# Input data
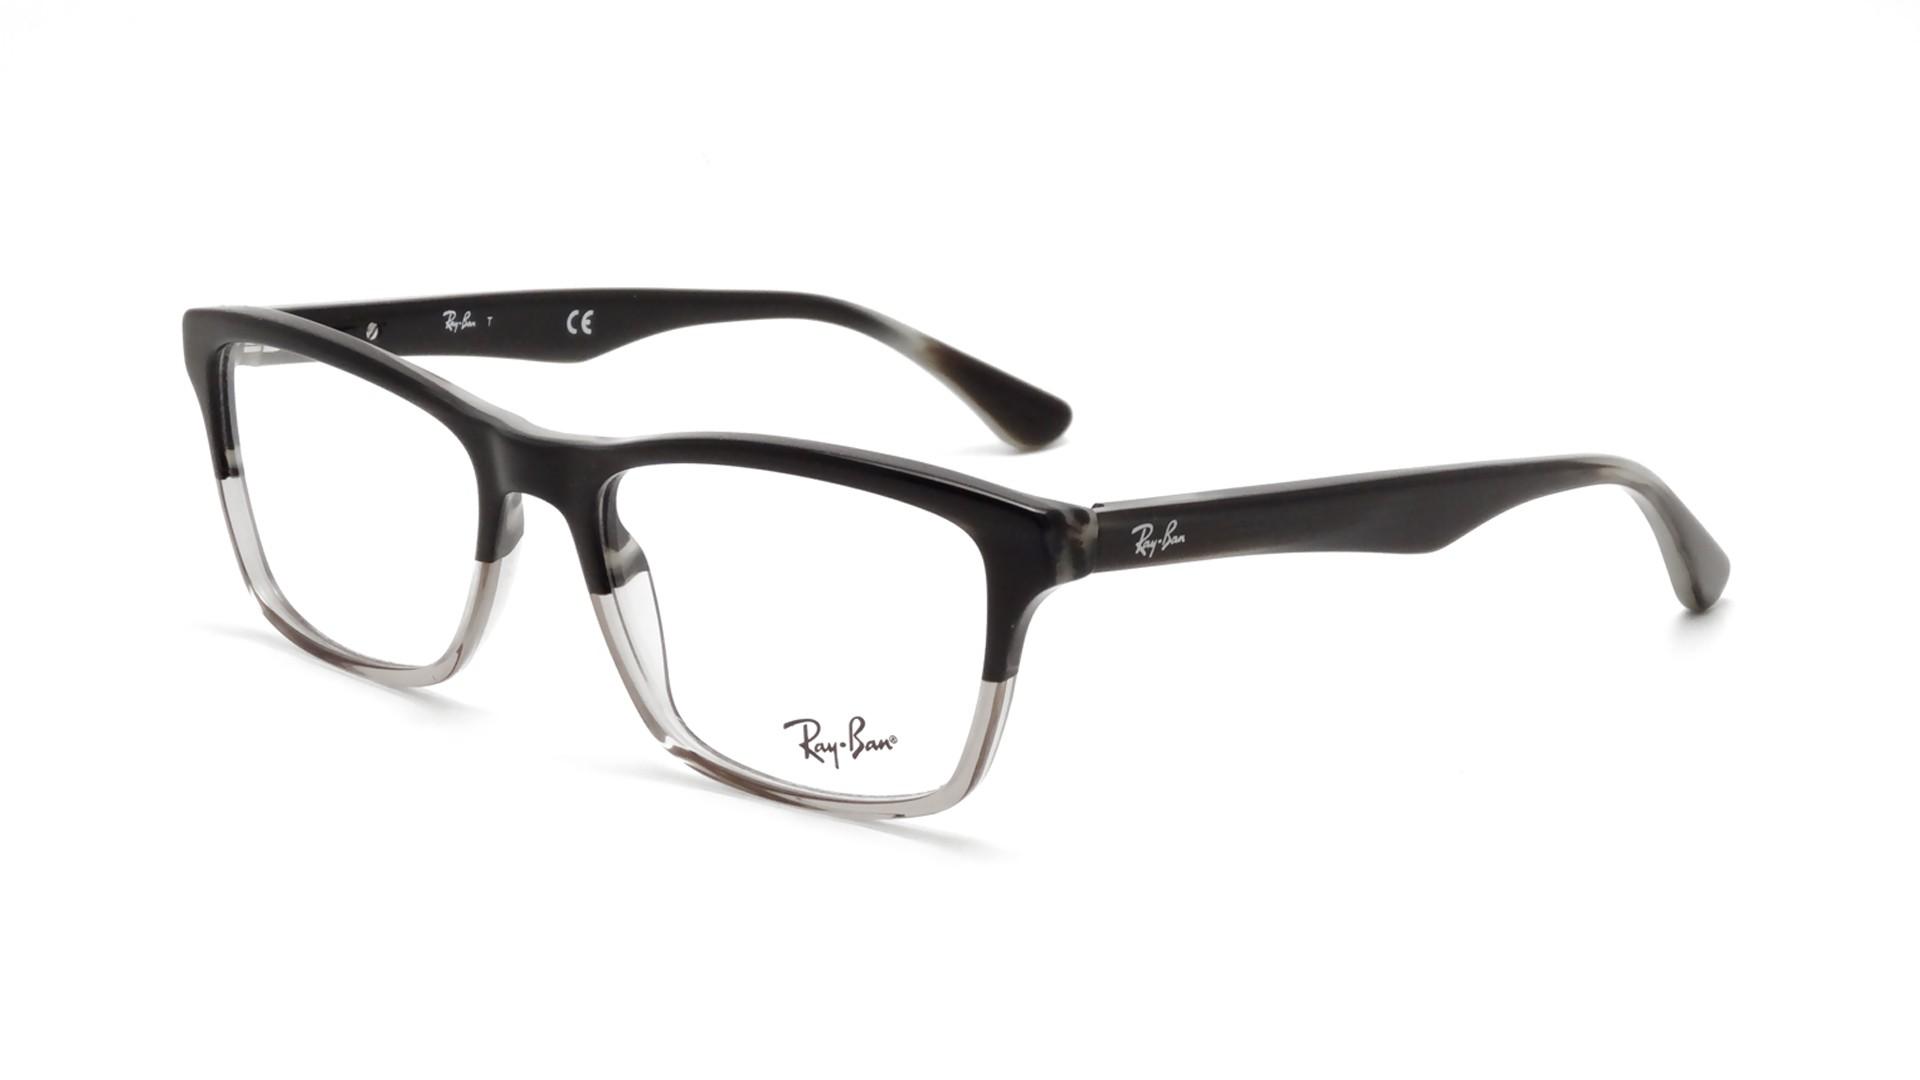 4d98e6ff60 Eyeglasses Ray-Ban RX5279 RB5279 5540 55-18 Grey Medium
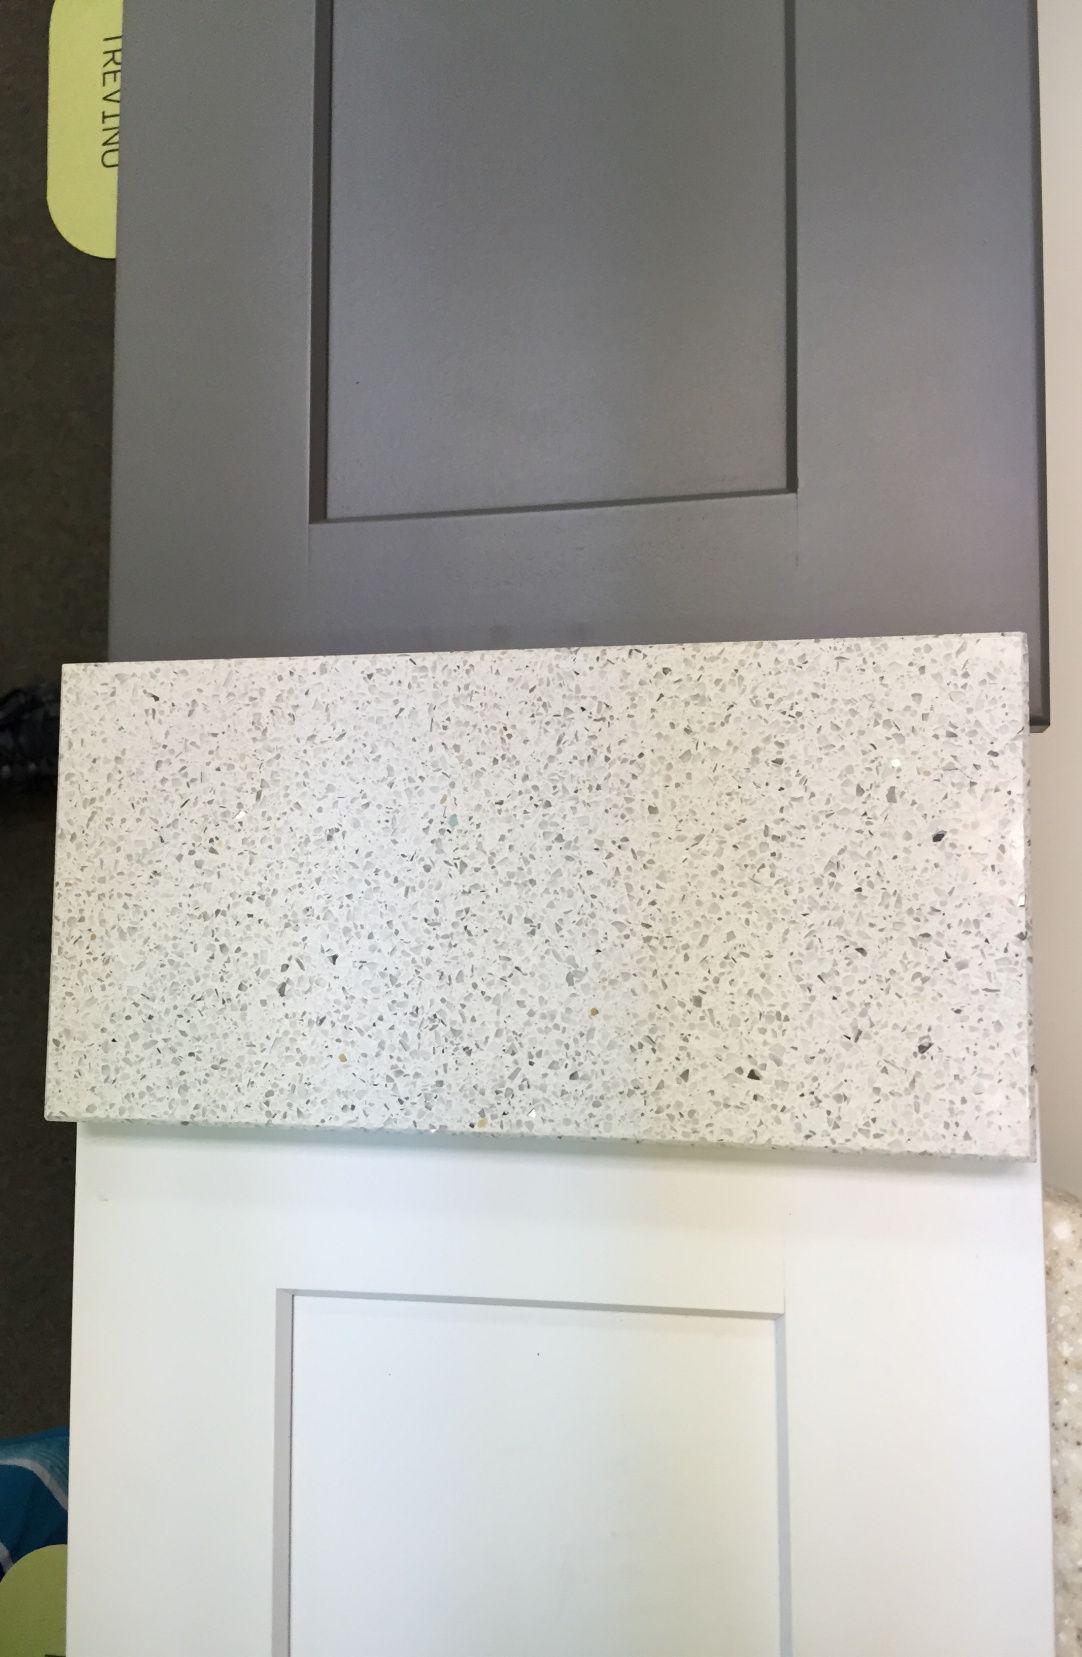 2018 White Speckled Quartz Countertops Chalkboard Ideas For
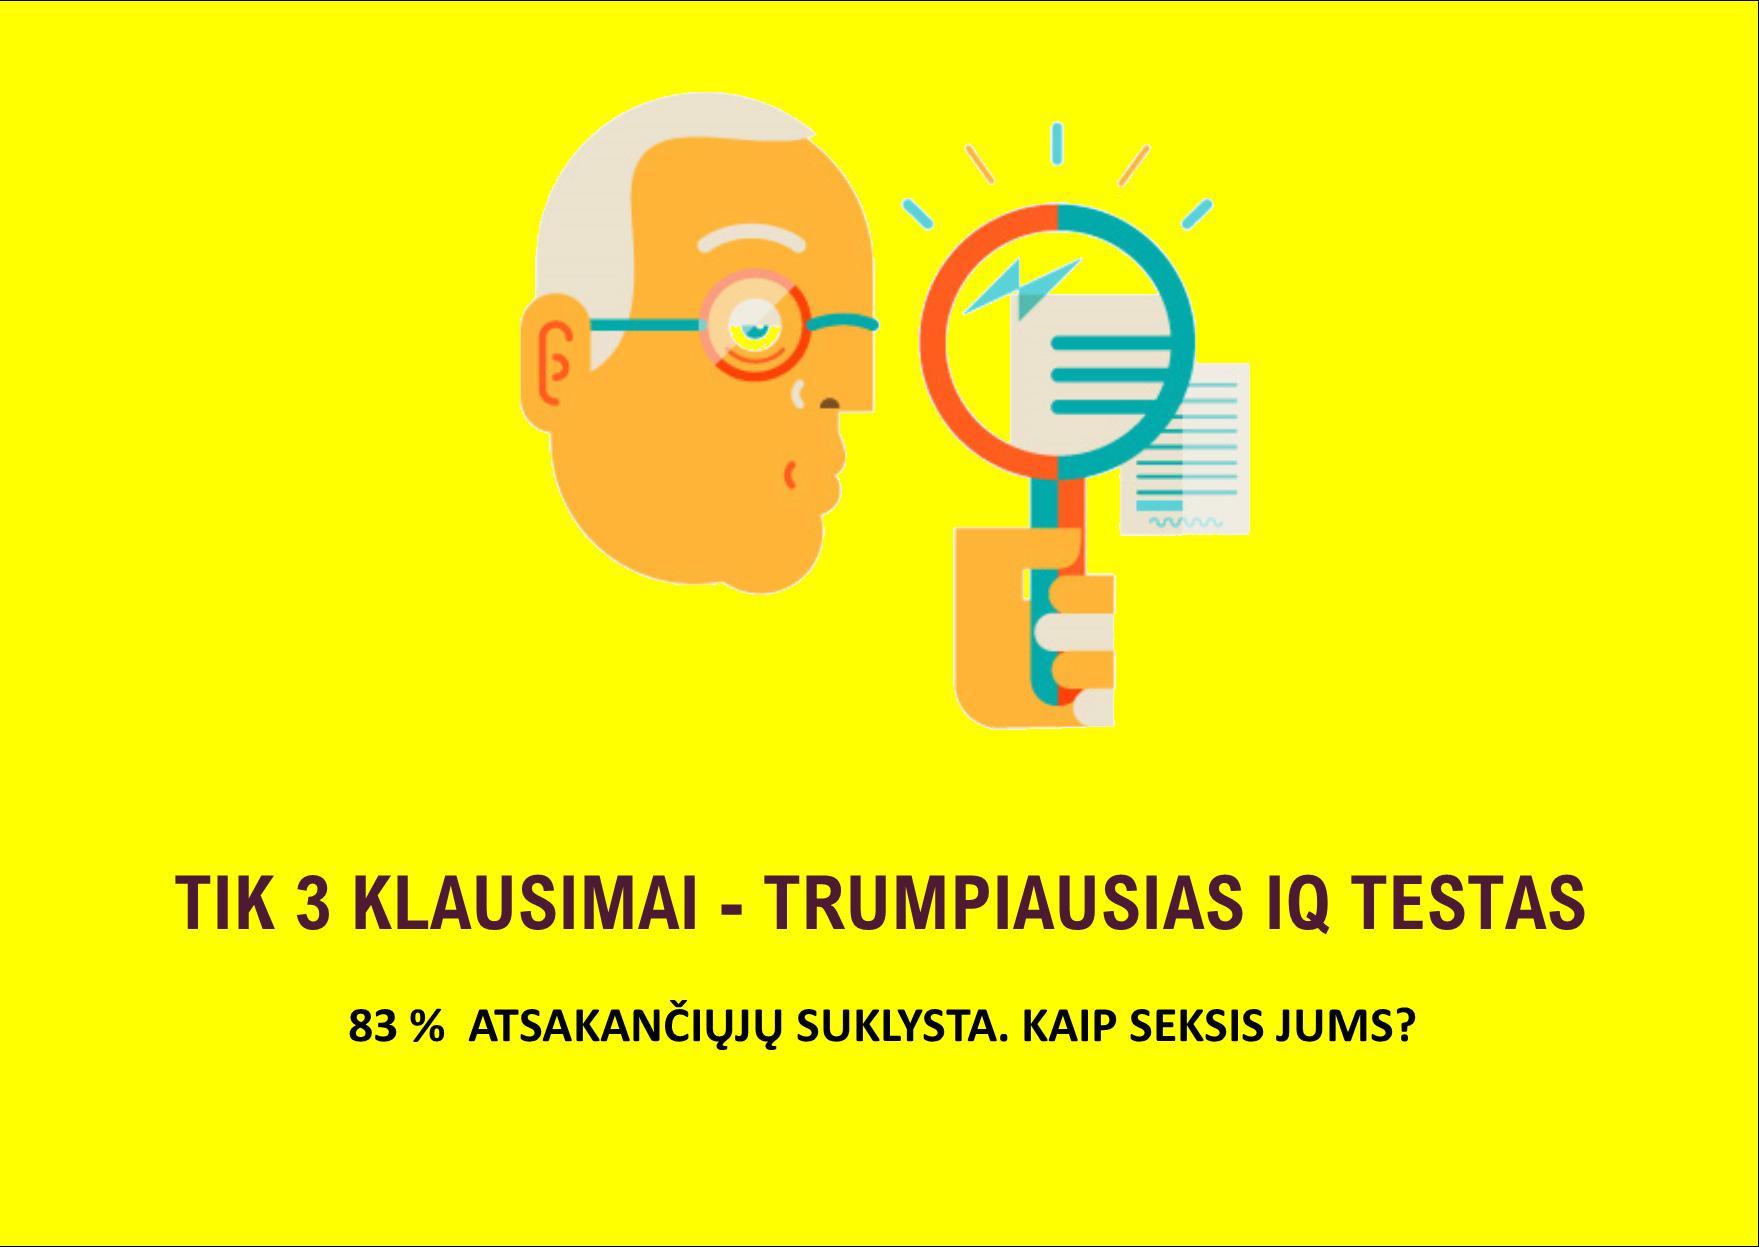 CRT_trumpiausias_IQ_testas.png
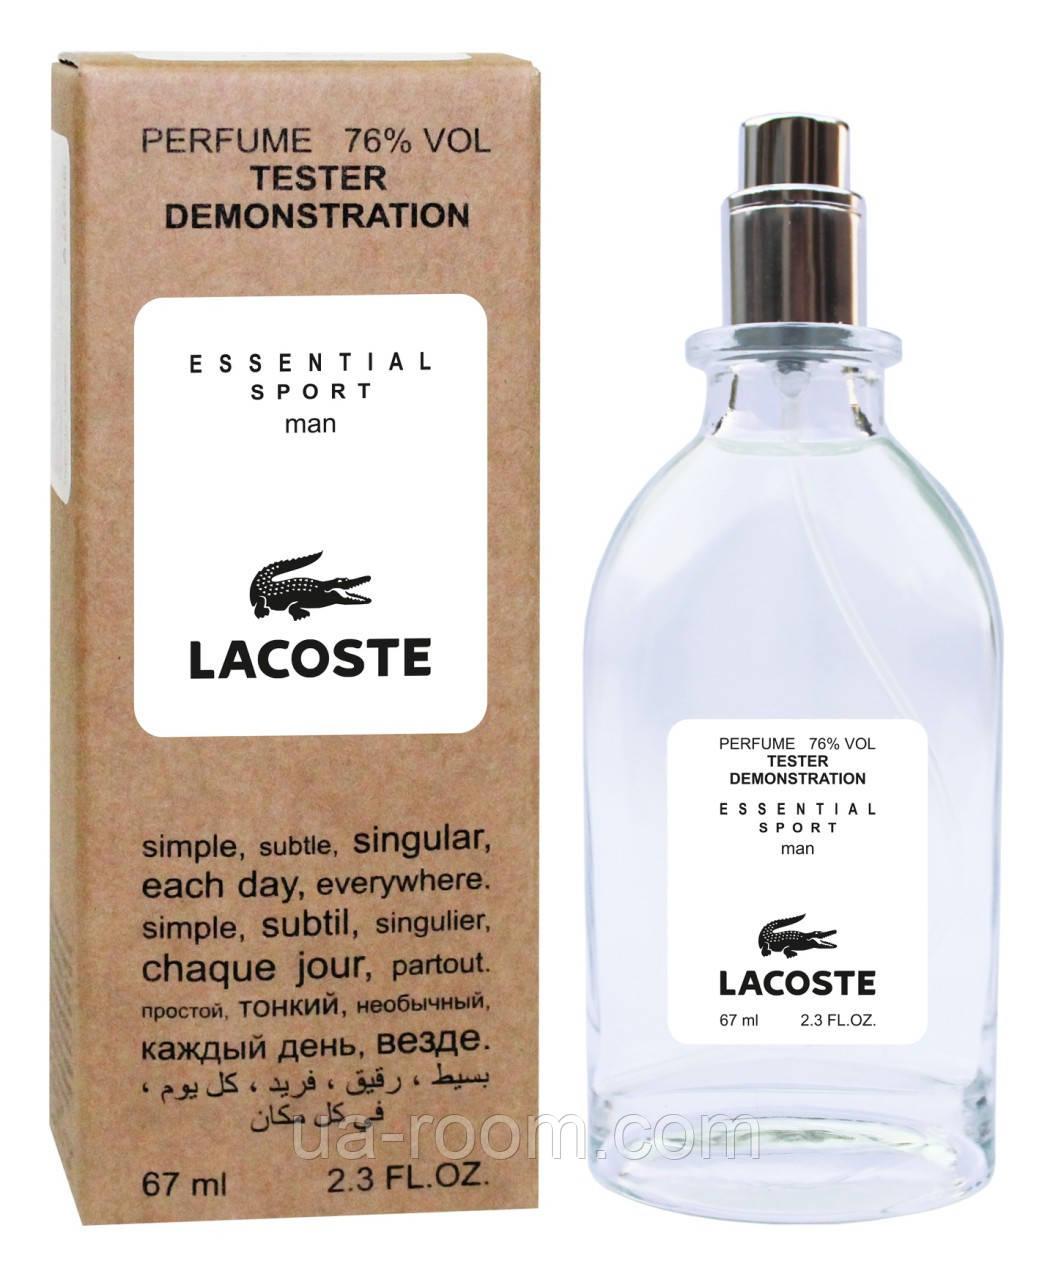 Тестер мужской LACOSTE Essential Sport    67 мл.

# What the exercise asks
Write out the material above without changing a word, and skip any picture.

# Output of the task
 4d98e6ff60 Eyeglasses Ray-Ban RX5279 RB5279 5540 55-18 Grey Medium
 2018 White Speckled Quartz Countertops Chalkboard Ideas For
 CRT_trumpiausias_IQ_testas.png
 Тестер мужской LACOSTE Essential Sport    67 мл.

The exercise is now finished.